• **Work instruction**: Leave out the pictures and reproduce all of the data exactly.

• **Provided material**:
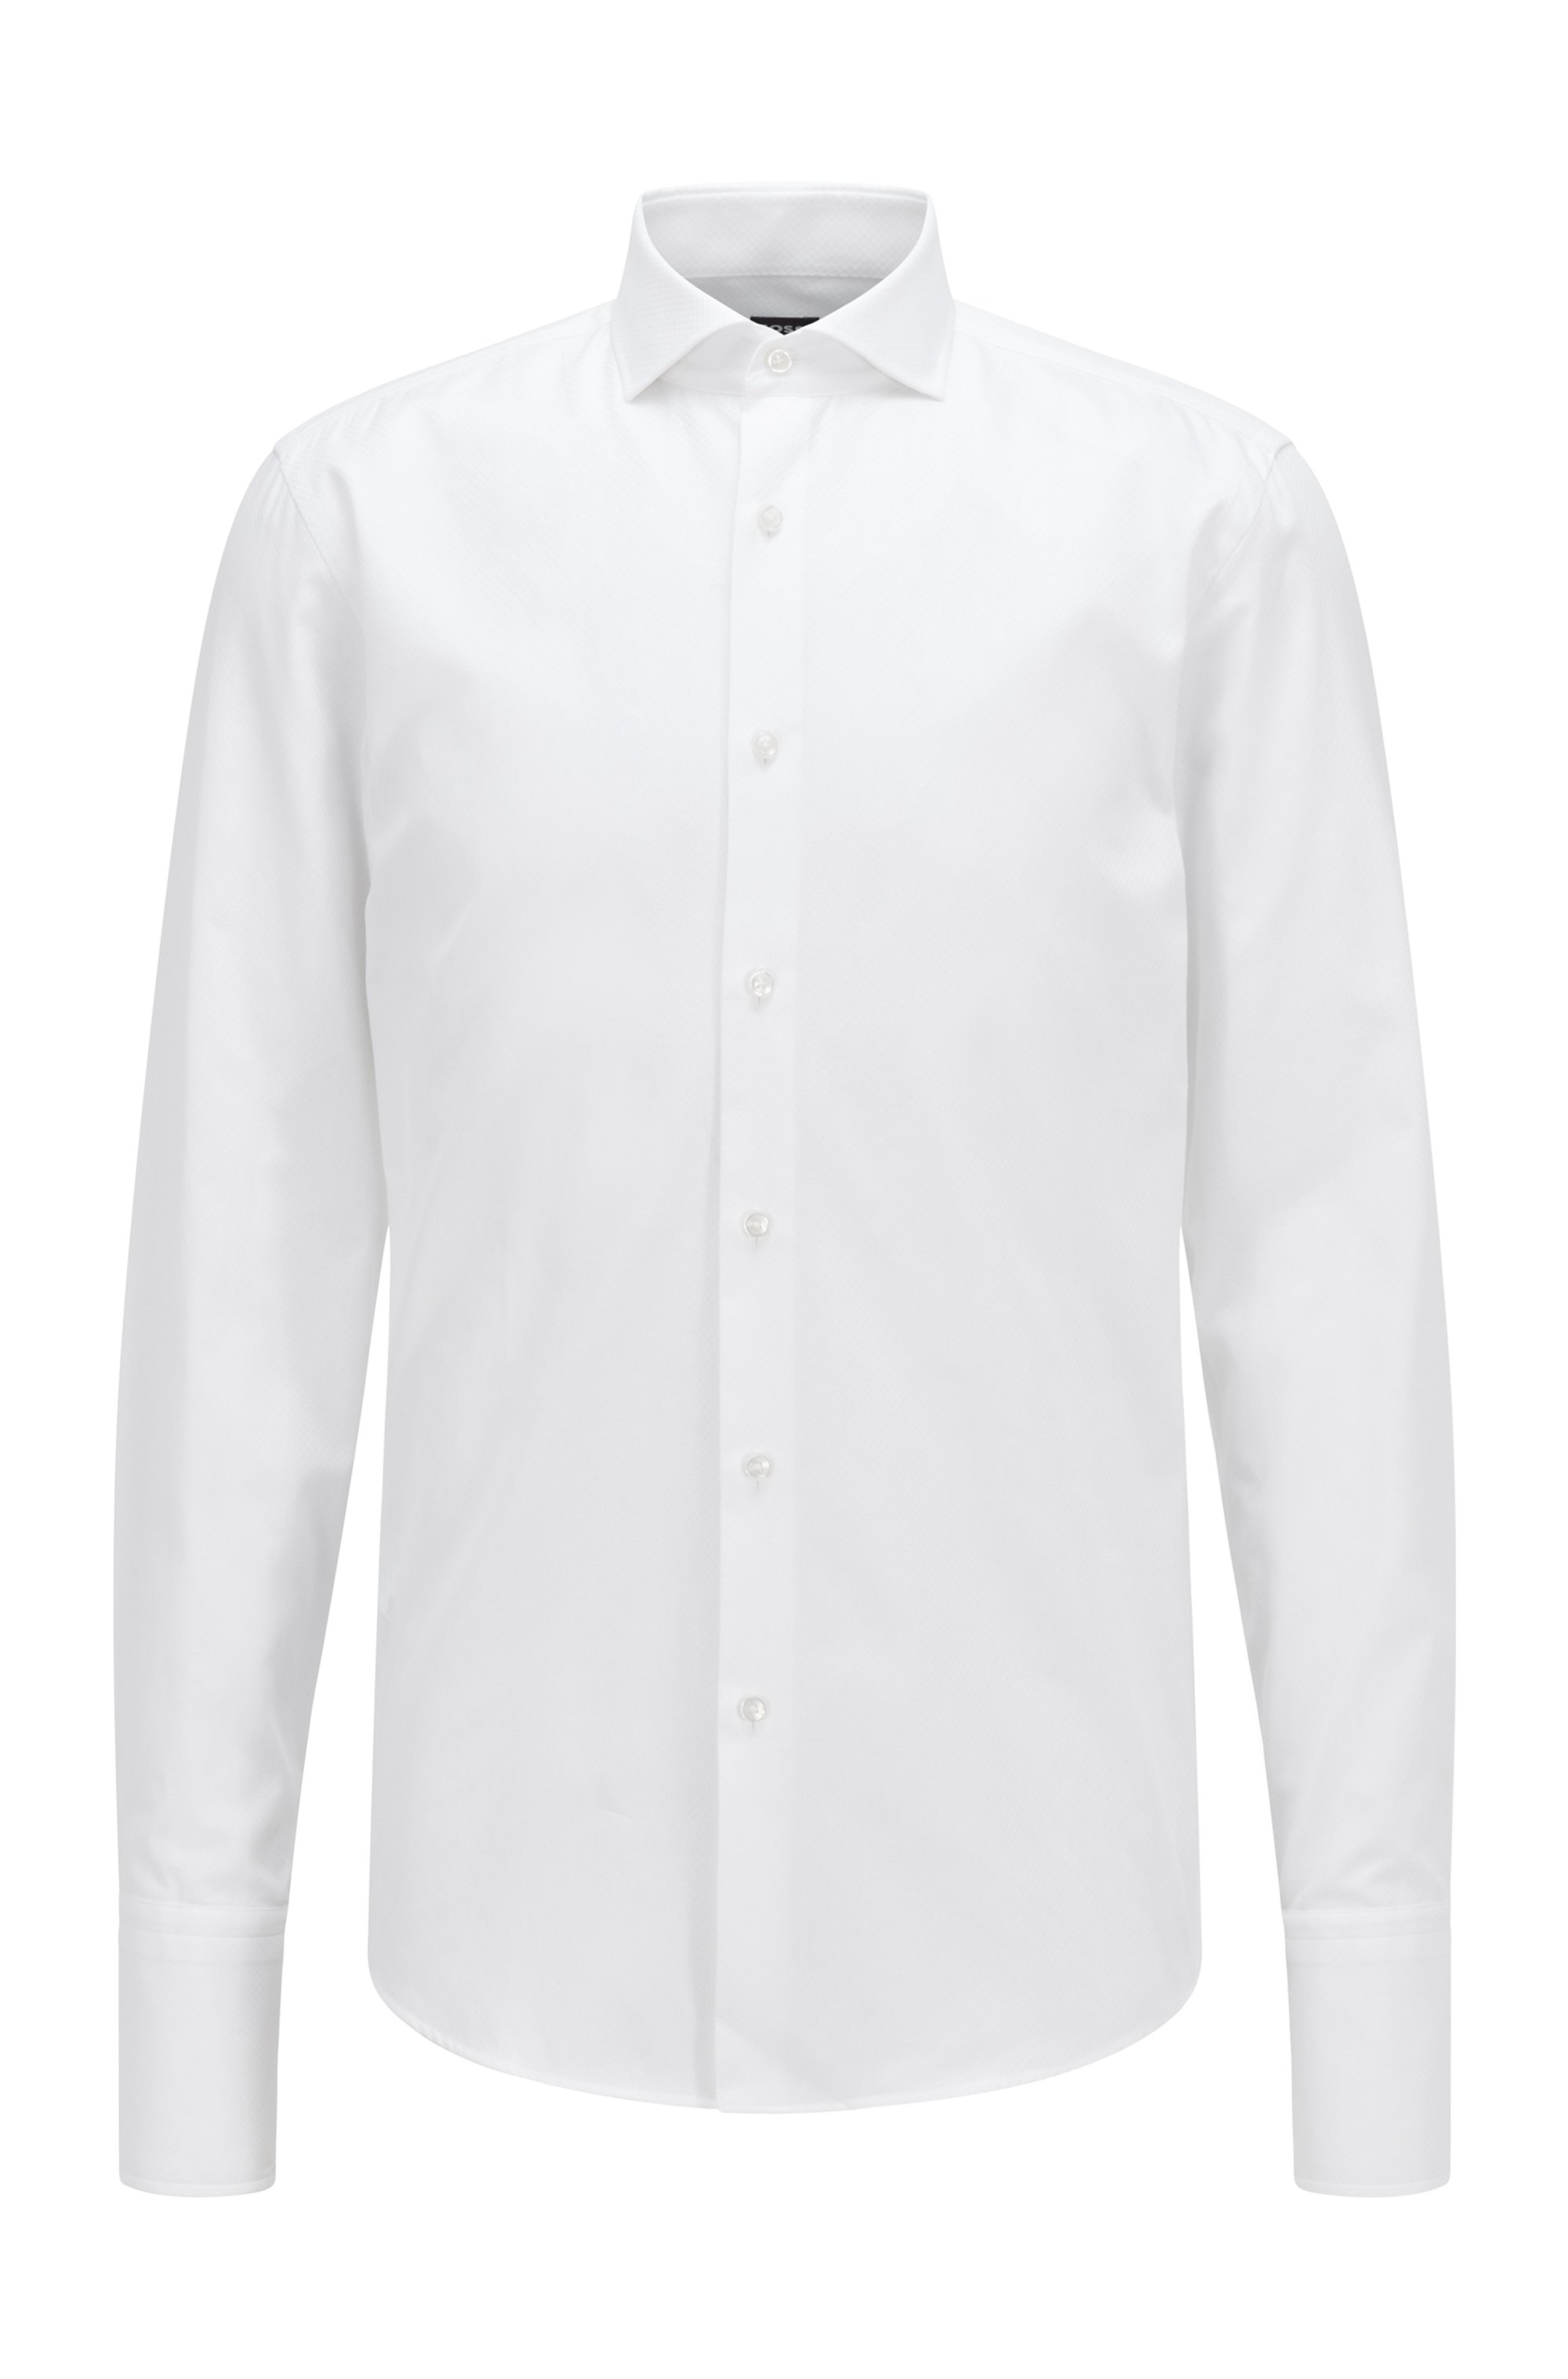 Camisa slim fit de algodón orgánico a cuadros, Blanco
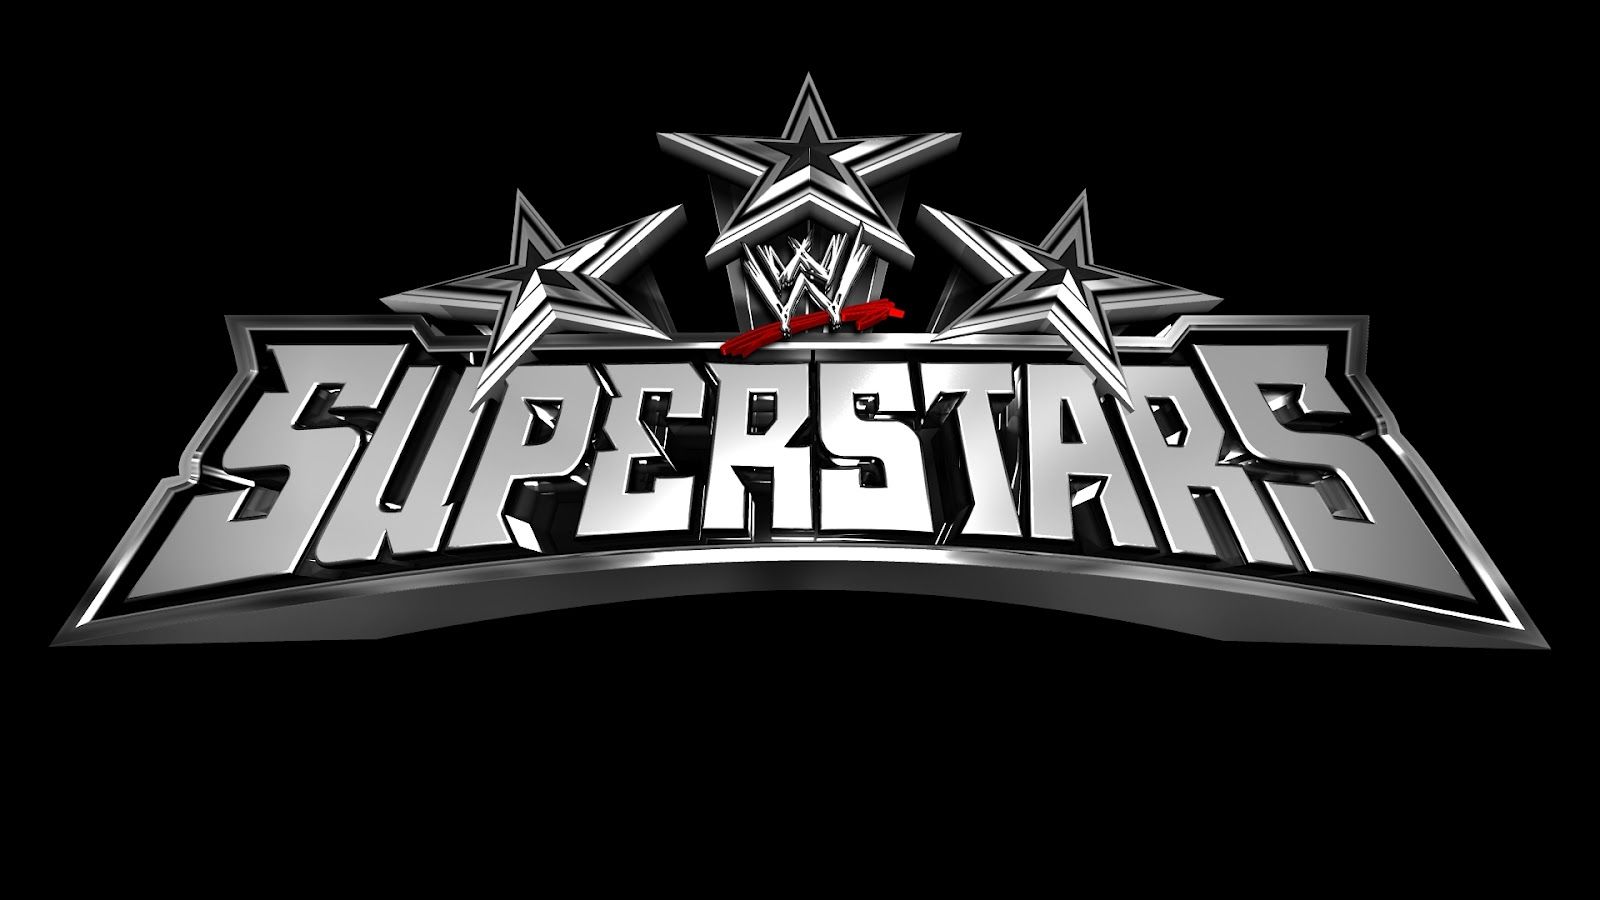 WWE WALLPAPERS: wwe logo wallpaper. wwe logo image. wwe logo pics. wwe wrestler logos. free wwe downloads. free wwe raw. wwe logo picture. wwe smackdown logo. wwe
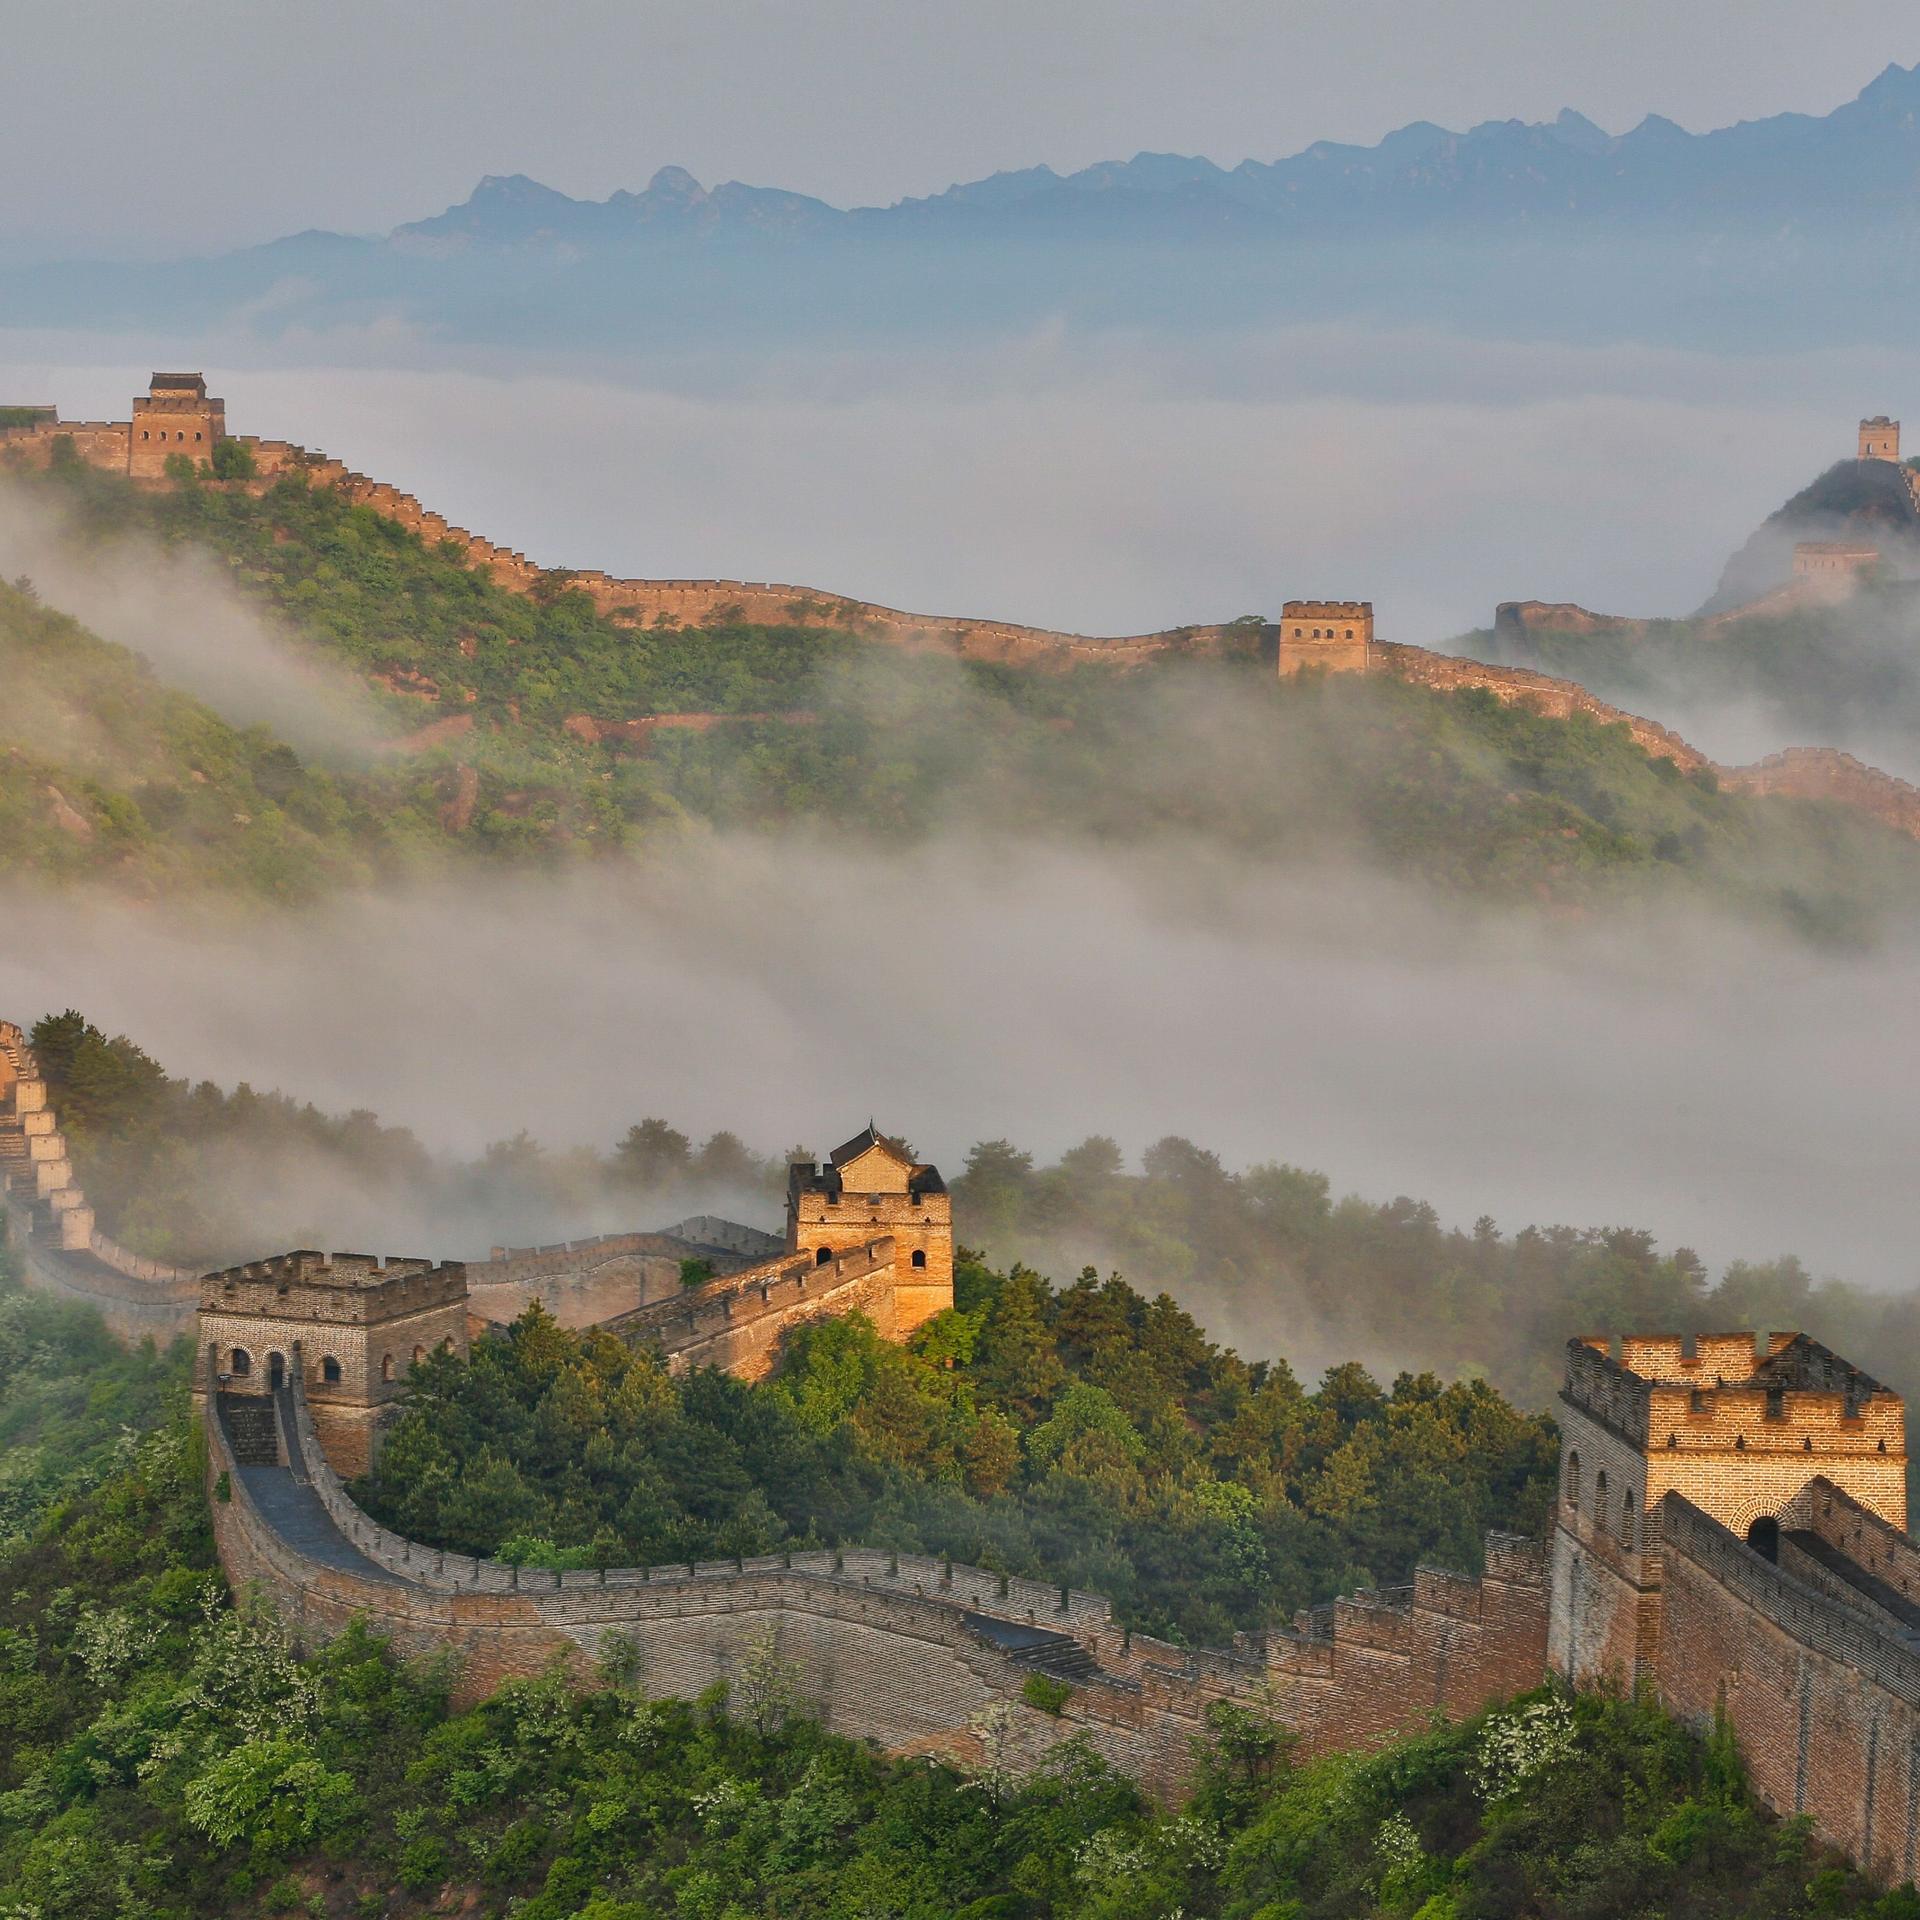 Chinesische Mauer von oben in morgendlicher Lichstimmung mit Nebel.

• **Exercise solution**:
 Camisa slim fit de algodón orgánico a cuadros, Blanco
 WWE WALLPAPERS: wwe logo wallpaper. wwe logo image. wwe logo pics. wwe wrestler logos. free wwe downloads. free wwe raw. wwe logo picture. wwe smackdown logo. wwe
 Chinesische Mauer von oben in morgendlicher Lichstimmung mit Nebel.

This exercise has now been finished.